From Thomas Jefferson to James Dinsmore, 22 June 1802
To James Dinsmore
Washington June 22. 1802
Sir
Yours of the 17th. is recieved. a very useful emploiment for mr. Fitch will be the partitioning the1 side and end of the kitchen, and studding the 3. servants rooms. the kitchen partitions are to be of inch plank, planed on both sides, & square jointed. the front & partitions of the servants rooms and dairy2 to be bricknogged, with good lime mortar: or perhaps the front of the dairy had better be of inch plank, as proposed for the kitchen, as it will be stronger. I do not recollect whether I drew 2. doors or one to the North necessary. if two, and the wall is made accordingly, then the outer or Northwest door had better be pannelled, the two upper pannels to be of glass. but if the wall is not built up, we had better have no door to the Northwest, but have the earth flush on that side, and between the level of the ground & the under side of the plate (which I believe would not be more than a foot) have a sash window. still there must be a sink on that side of the N.W. necessary as there is to the S.E. one. the objection to a door on that side is on account of snow-storms from that quarter. the door in the counterpart of the outchamber, that is to say in the office under it, must be like the one intended to be in that under the Outchamber, to wit, in the N.E. side, near the outer corner, opening directly into the passage running along the front. thus it had better have a fire place and window as here stated. the intention of the framing over my bed in the chamber was to enable us to have a room above the chamber if it should ever be desired; the chamber itself would in that case be about 10. f. high & the room above it 8. f. the half way plates were inserted for this purpose. but I believe the framing above the half way plate next to the wall is useless. I mean that to which the shelves are fastened. I think the upper joisting is not supported by that plate, but runs parallel with it, to wit from S.W. to N.E. in that case I have no objections to cutting away what of it is above the halfway plate. I shall leave this on the 22d. of July and be at Monticello on the 25th. Accept my best wishes.
Th: Jefferson
P.S. it would be well to have stuff got for the ballusters of the parapet, as the turning them would be good employment for mr Fitch. chesnut, or heart of pine, or heart of poplar are equally good I believe.3
RC (ViU); addressed: “Mr. James Dinsmore Monticello near Milton”; franked and postmarked.

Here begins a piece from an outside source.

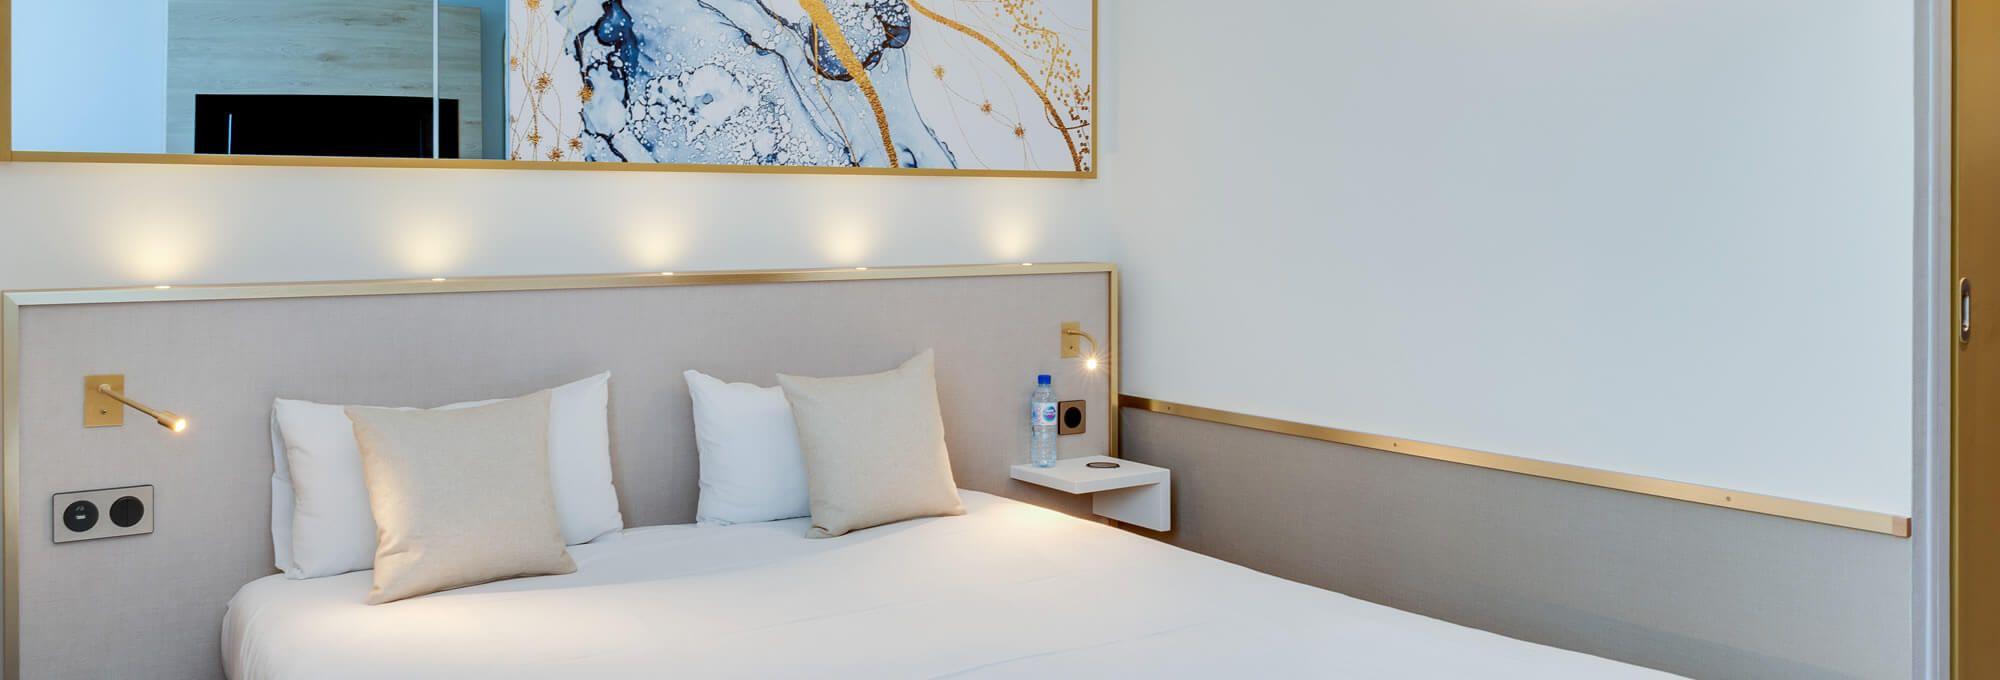 Chambre de l'hôtel brit hotel orléans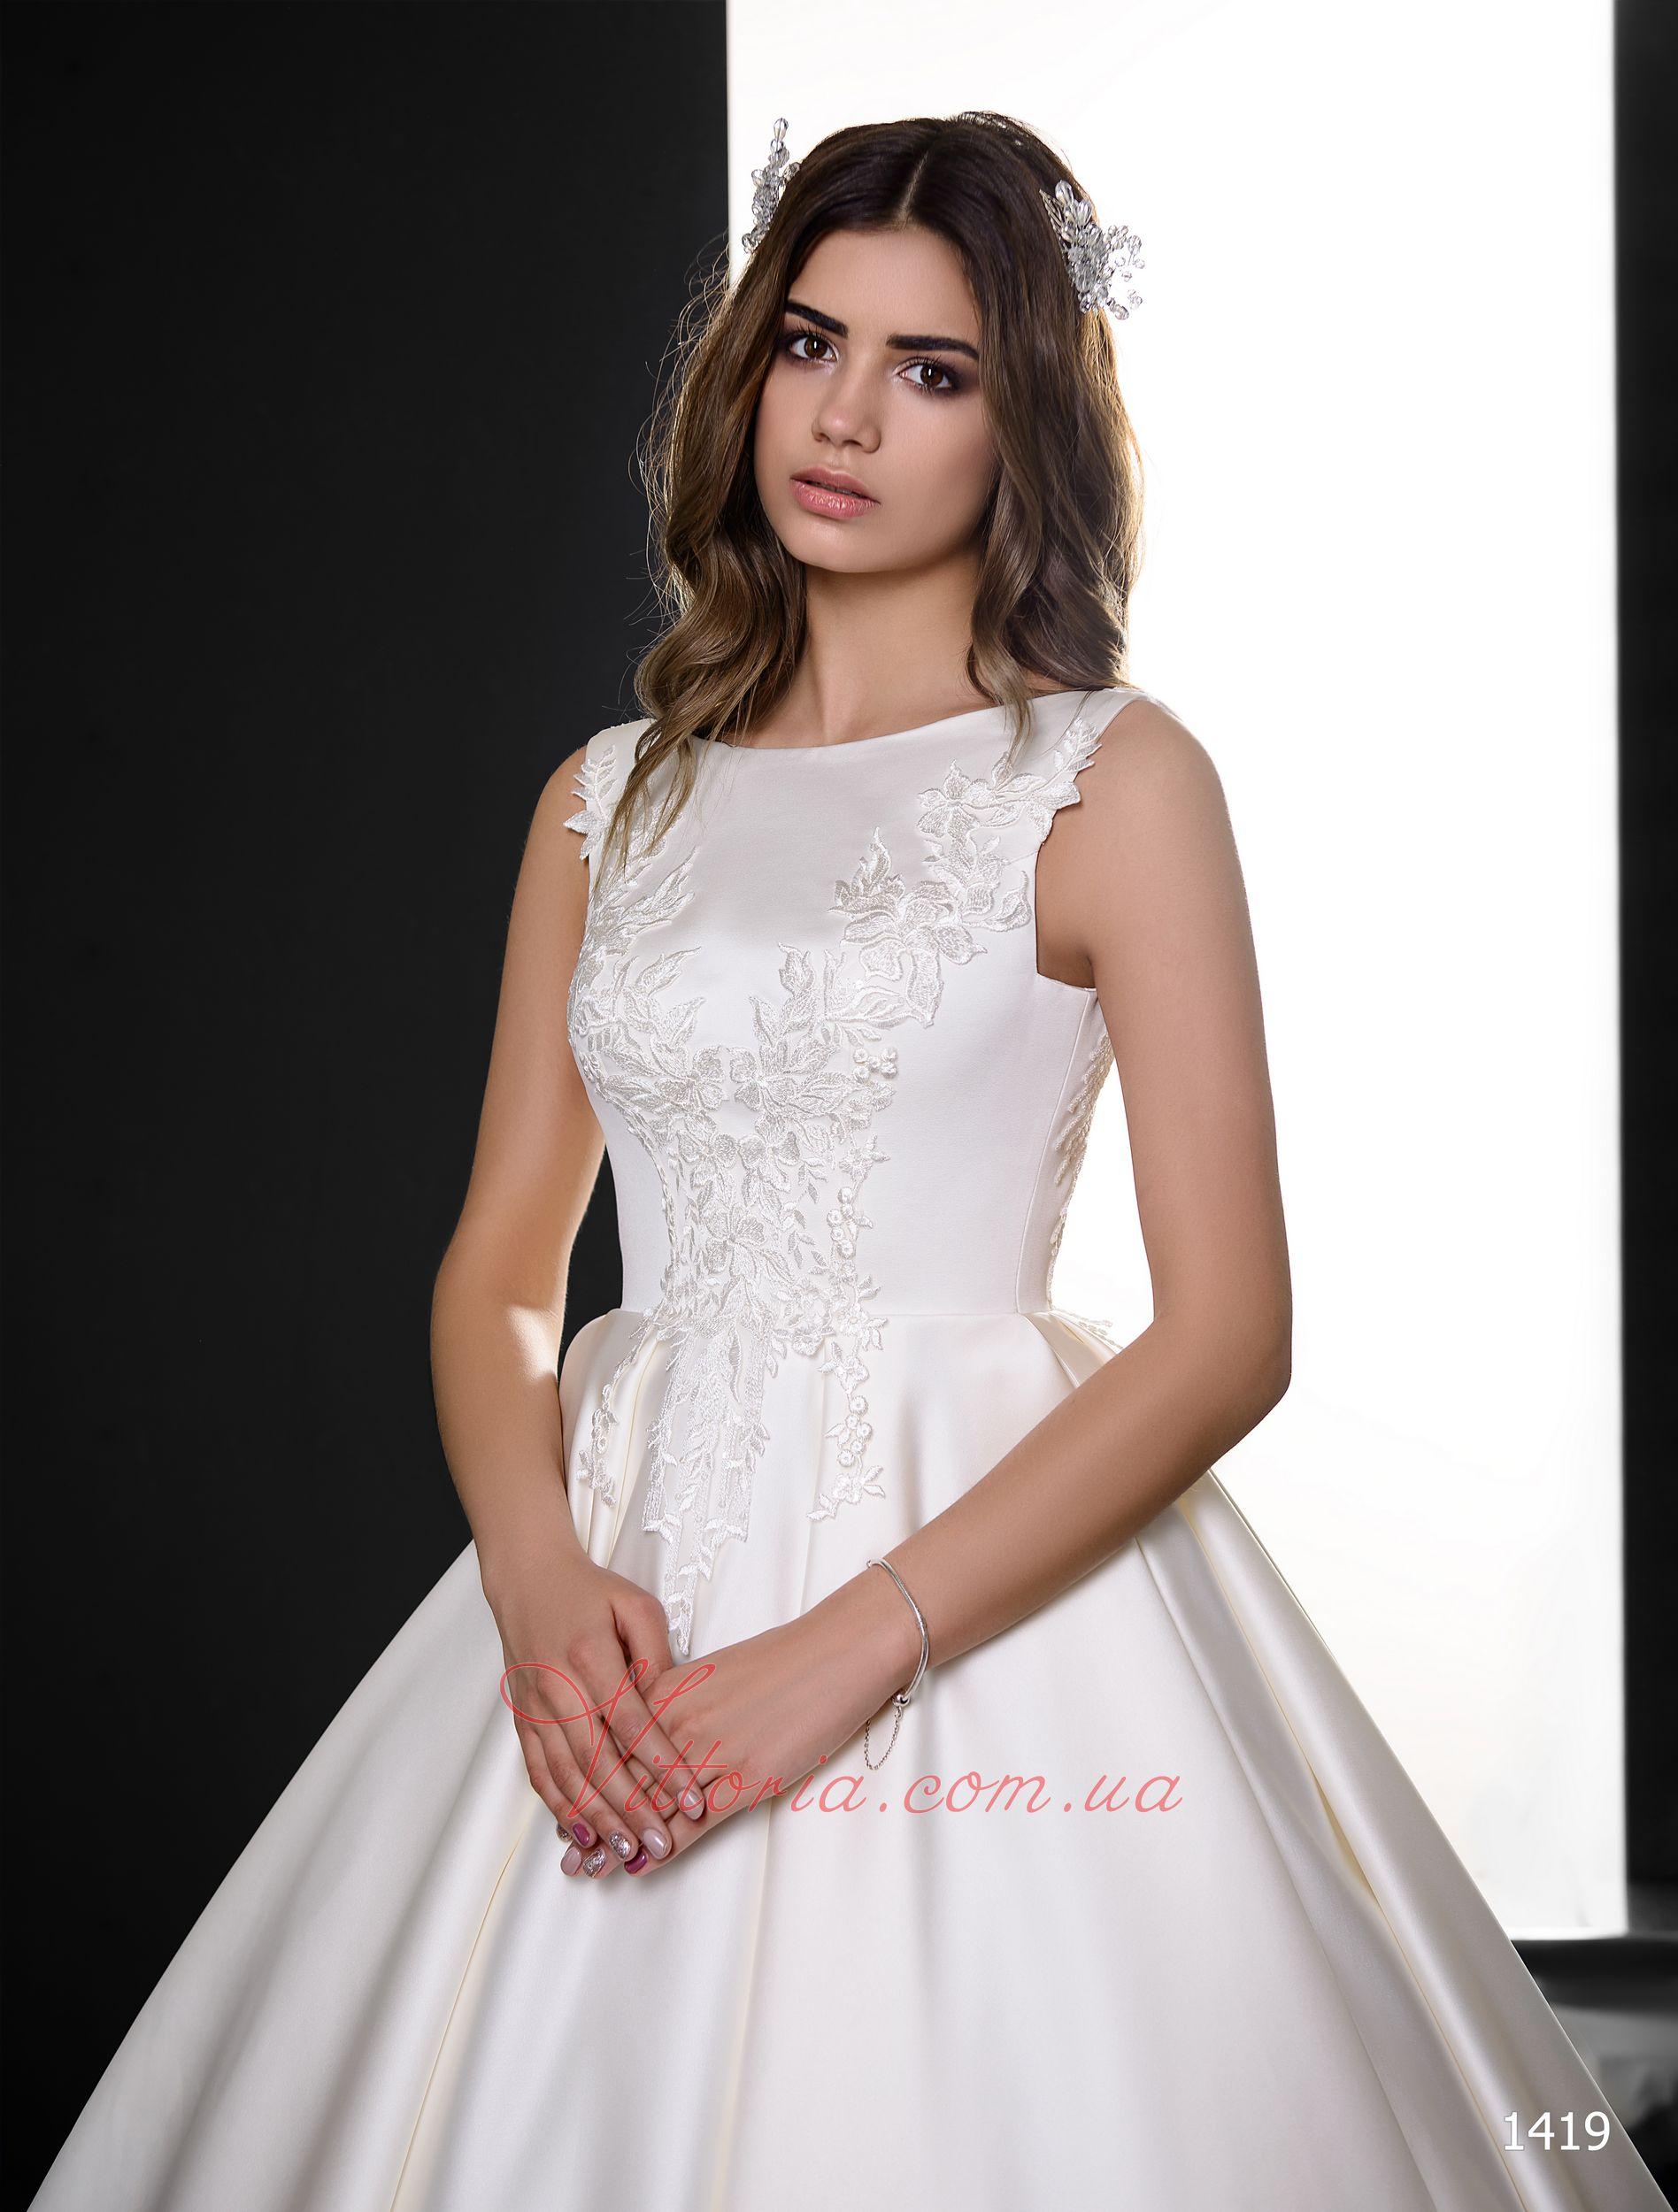 Свадебное платье Модель 1419

YOURS OF THE 17TH.: Dinsmore to TJ, 17 June, recorded in SJL as received from Monticello on 21 June, but not found. Also recorded in SJL, but not found, are six other letters Dinsmore and TJ exchanged between 27 Mch. and 25 June 1802; see Appendix IV.
MR. FITCH: probably Gideon Fitz, a Virginia-born carpenter who worked at Monticello from 1802 to 1803 ( , 2:1082; , 1:215).
A ROOM ABOVE THE CHAMBER: a small room above TJ’s bed alcove with three oval windows. The space served as a clothes closet and was reached by a ladder. Inspired by the Hôtel de Salm in Paris, this design preserved the outward appearance of a single story but also provided for a mezzanine level that allowed six additional bedrooms (Jack McLaughlin, Jefferson and Monticello: The Biography of a Builder [New York, 1988], 20, 252; , 50–1).
1. Canceled: “South East offices.”
2. Preceding two words interlined.
3. Postscript written in left margin perpendicular to text.